Spark offers significant new computation model capabilities and performance enhancements compared to MapReduce by utilizing in-memory data storage to perform fast iterative queries. In initial testing, Spark has delivered speeds up to 100 times faster than MapReduce. Spark is capable of reading and writing to any Hadoop-supported filesystem.
Shark, which is designed for compatibility with existing Apache Hive, is a large-scale data warehousing system that runs on Spark. Shark addresses Hive limitations without the need for additional development by supporting standard SQL, Hive’s query language (HiveQL), metastore, serialization formats, and user-defined functions. Shark also allows users to cache their data sets in-memory, enabling increased efficiency while providing maximum performance.
"Spark and Shark represent the next leap forward in data processing performance," said David Richards, CEO of WANdisco. "With this technology preview, users will be able to vastly improve the efficiency of their existing Hadoop deployments without the need for additional configuration or expenditure."
Development of Spark for YARN is still in progress and will be made available as soon as it has undergone further quality assurance testing.

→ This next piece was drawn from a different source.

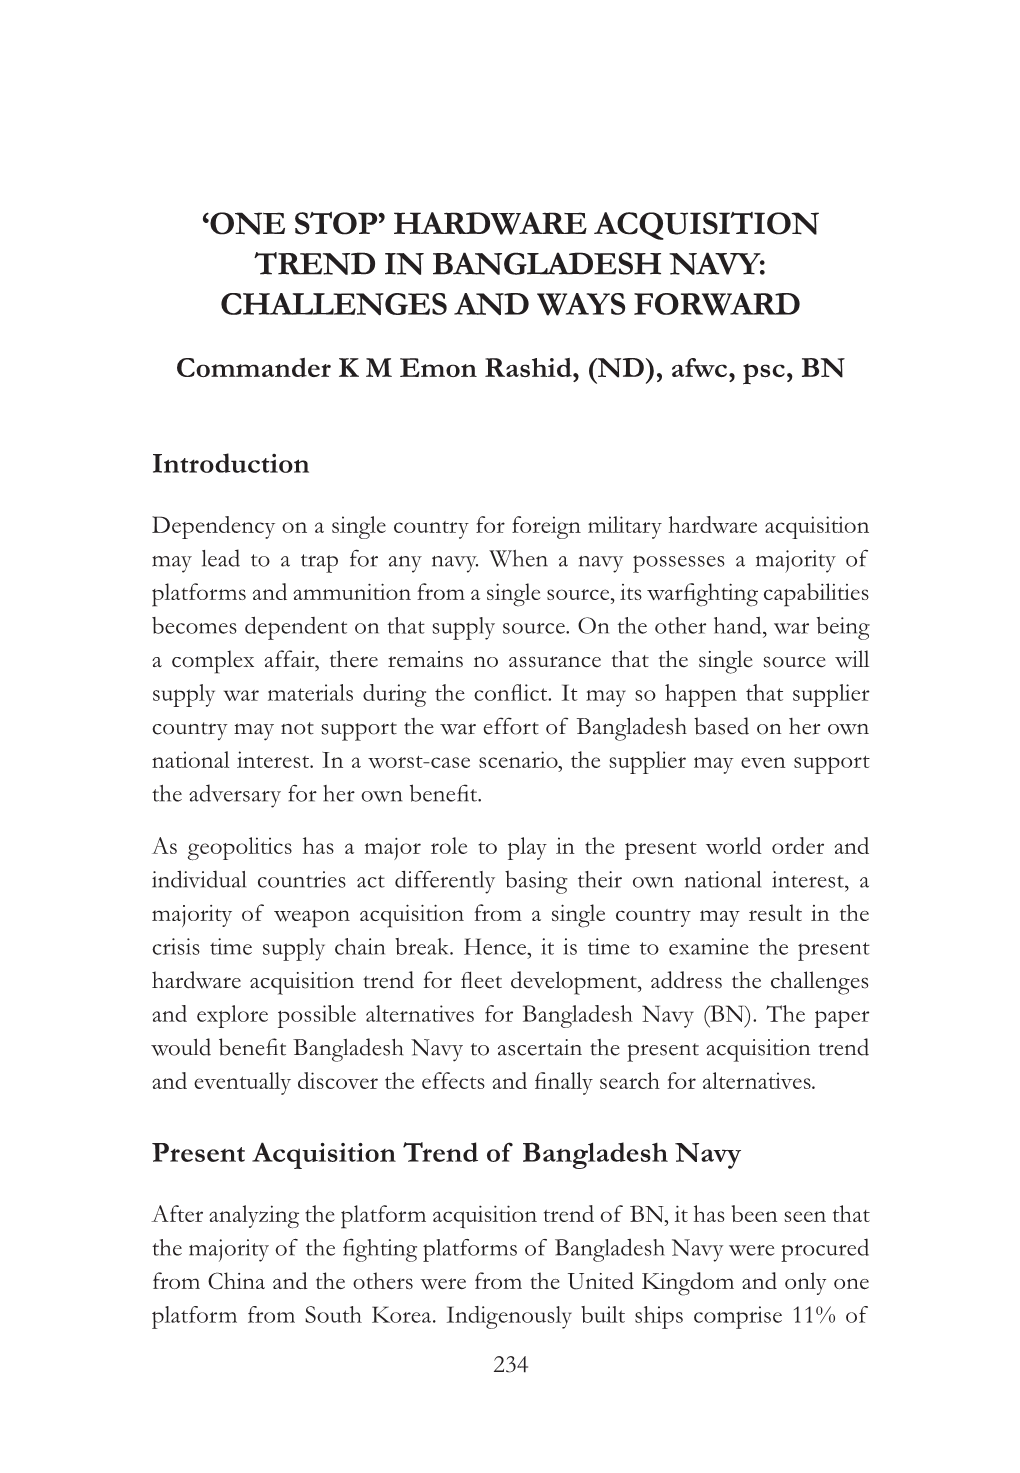 Hardware Acquisition Trend in Bangladesh Navy: Challenges and Ways Forward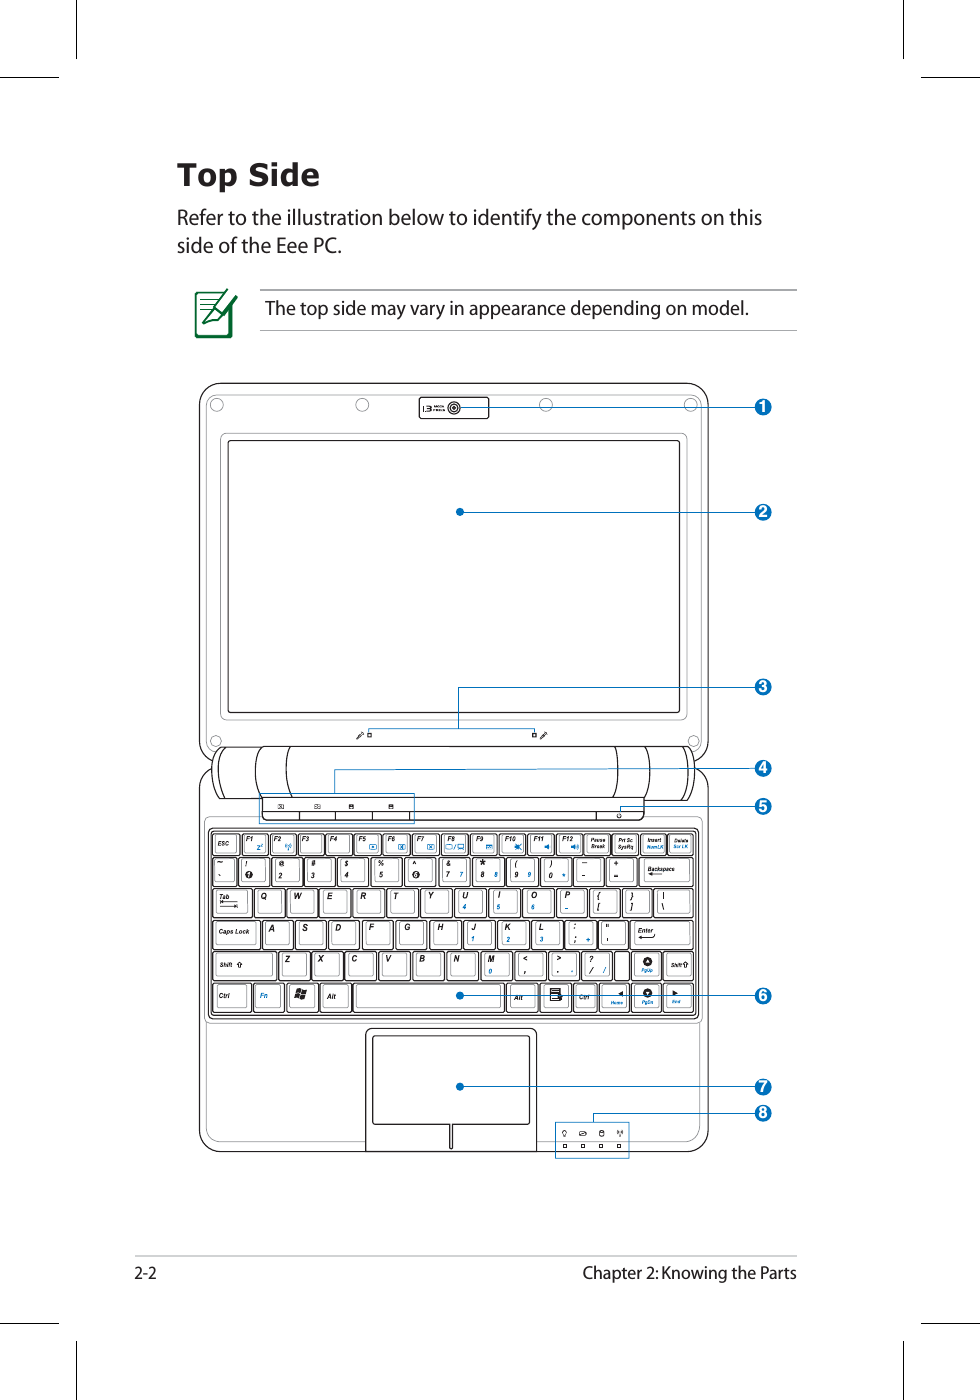 2-2Chapter 2: Knowing the PartsTop SideRefer to the illustration below to identify the components on this side of the Eee PC.23167584The top side may vary in appearance depending on model.

"WANdisco is showing strong support of Spark and Shark," said Ion Stoica, co-director, of AMPlab of UC Berkeley Electrical Engineering and Computer Sciences, where Spark, Shark and Mesos have been developed. "This helps to validate the technology in the marketplace and reduces data analysis time, allowing businesses to bring interactive data analytics into Big Data space."
Spark will be available for free download with WDD in 30 to 60 days.